Random forest algorithm is widely used in various fields, such as medicine (Iwendi et al. [16]), meteorology (Ding et al. [17]), statistics (Schonlau and Zou [18]), and many other fields. The random forest has also achieved some results in traffic accidents. Yan and Shen [19] used random forest and Bayesian optimization to study how influencing factors affect the severity of traffic accidents. Zhao et al. [20] proposed an accident risk prediction algorithm based on a deep convolutional neural network and random forest. Chen and Chen [21] used three prediction performance evaluation indexes, namely, accuracy, sensitivity, and specificity, to find out the best comprehensive method consisting of the most effective prediction model and input variables with a higher positive impact on accuracy, sensitivity, and specificity. Koma et al. [22] used the random forest to detect the distraction of cognitive drivers by considering the types of eye movements. Wang et al. [23] selected different time periods, road grades, tidal lanes, proximity to infrastructure, and accident sections as indicators affecting traffic. The experimental results show that the method can effectively avoid the congested road and obtain the high-speed route. Zhang et al. [24] introduced generalized random forest to estimate heterogeneous treatment effects in road safety analysis to provide local authorities and policymakers with more comprehensive information and improve the performance of speed camera projects. In addition, GRF can be a promising method to reveal the heterogeneity of treatment effects in the road safety analysis.
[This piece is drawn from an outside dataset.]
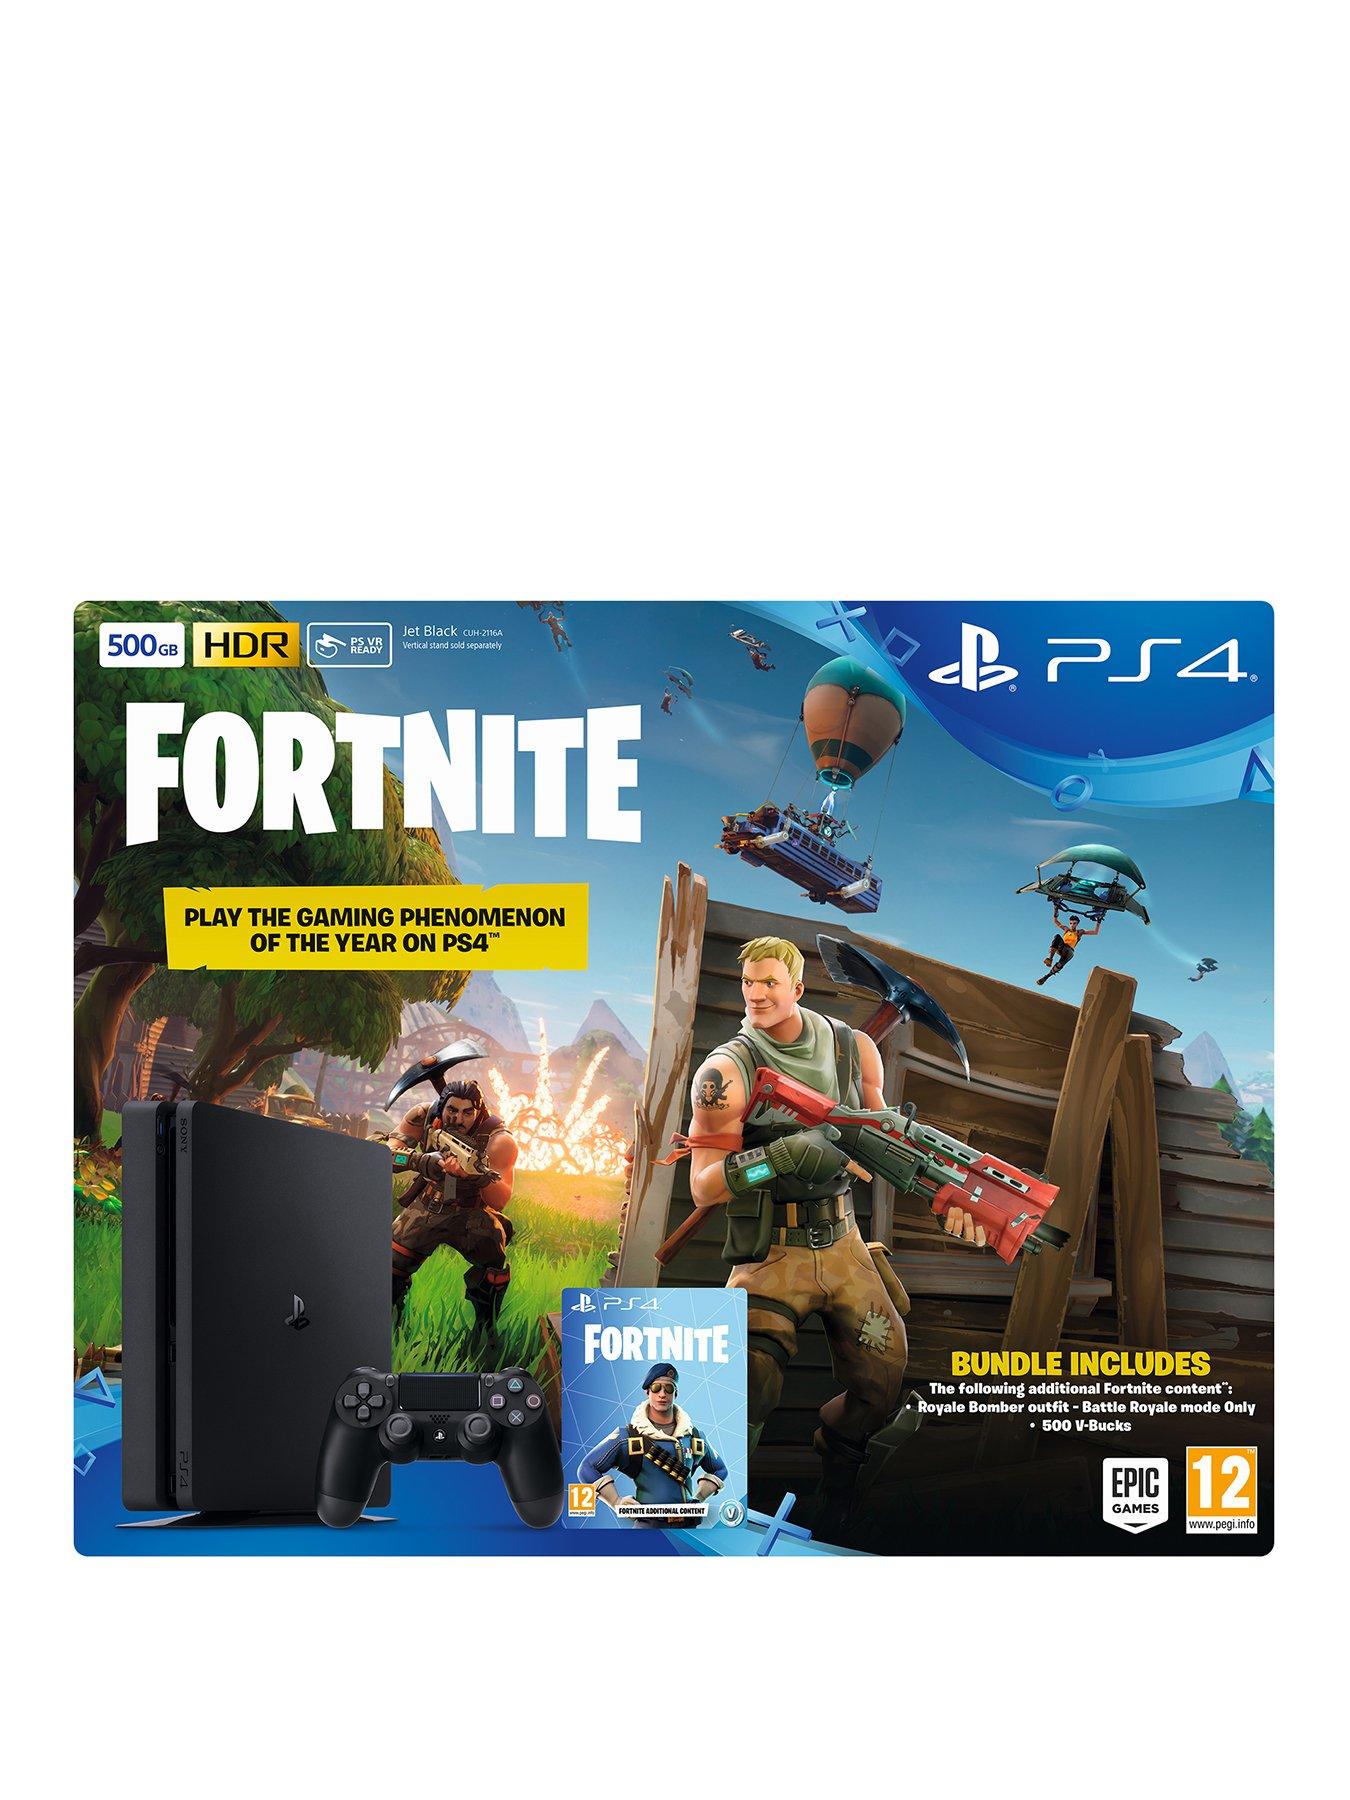 Playstation 4 500gb Black Console With Fortnite Royal Bomber Skin - playstation 4 500gb black console with fortnite royal bomber skin and 500 v bucks plus optional extras

Traffic accidents are usually caused by the influence of people, cars, roads, and environment. Based on the excellent performance of the random forest algorithm, this paper prioritized the influence of traffic accident factors on the severity of traffic accidents. Then, the low-impact factors were removed and trained in the random forest algorithm. Finally, the model is used to predict the severity of traffic accidents. The final prediction results show that the traffic accident factors proposed in this paper have superior performance in predicting the severity of traffic accidents.
2. Materials and Methods
2.1. The Data Source
The data in this paper are from 2800 automobile traffic accidents collected by the Chinese National Automobile Accident In-Depth Investigation System (NAIS) from 2018 to 2020. NAIS refers to the traffic accident database of NHTSA in the United States and GIDAS in Germany and combines the characteristics of traffic accidents in China. It is jointly established by the Defective Product Management Center of AQSIQ of China, together with a number of university vehicle accident research institutions and judicial appraisal institutions. The accident data include the basic variables of traffic accidents, such as time, location, age, gender, and degree of injury. The data collection area is distributed in Northeast, North, East, South, Southwest, and Central regions. It covers plains, hills, mountains and plateaus, and other areas.
In terms of traffic accident characteristics, Gan et al. [25] selected 8 traffic accident data features by random forest algorithm to predict the degree of traffic accident validation. Including engine capacity, hour of day, the age of the vehicle, the month of the year, day of week, age band of drivers, vehicle maneuver, and speed limit. Šliupas and Bazaras [26] emphasize the importance of road information and the road environment for traffic accidents. And, the number of speeding deaths has been increasing over the years. Therefore, this paper added four accident features that did not participate in the importance ranking, including accident location, accident form, road information, and collision speed. Therefore, 13 variables are considered in this paper. Including severity of accident, engine capacity, hour of day, the age of the vehicle, the month of the year, day of week, age band of drivers, vehicle maneuver, speed limit, accident location, accident form, road information, and collision speed. The driving speed is calculated by PC-CRASH, video recording, EDR vehicle data record, and according to the driver’s/witness’s complaint.
2.2. Random Forest
Data mining technology includes association, classification, clustering, prediction, sequential pattern mining, and so on [27]. In this paper, a random forest algorithm is used to predict the severity of traffic accidents. Random Forest is a combined classifier algorithm proposed by Breiman [28] that contains multiple decision trees. The random forest has obvious advantages in processing multidimensional data and is one of the best classification algorithms at present. The overall traffic accidents are preprocessed before the prediction. The importance degree of 12 traffic accident variables was obtained by random forest algorithm. Finally, select the traffic accident factors with high importance to predict the severity of traffic accidents.
The random forest algorithm combines multiple decision trees together. Each dataset is randomly selected, and some features are randomly selected as input. Figure 1 shows the specific flow of the random forest algorithm, in which the combination selects most of the classification results as the final result in the classification problem.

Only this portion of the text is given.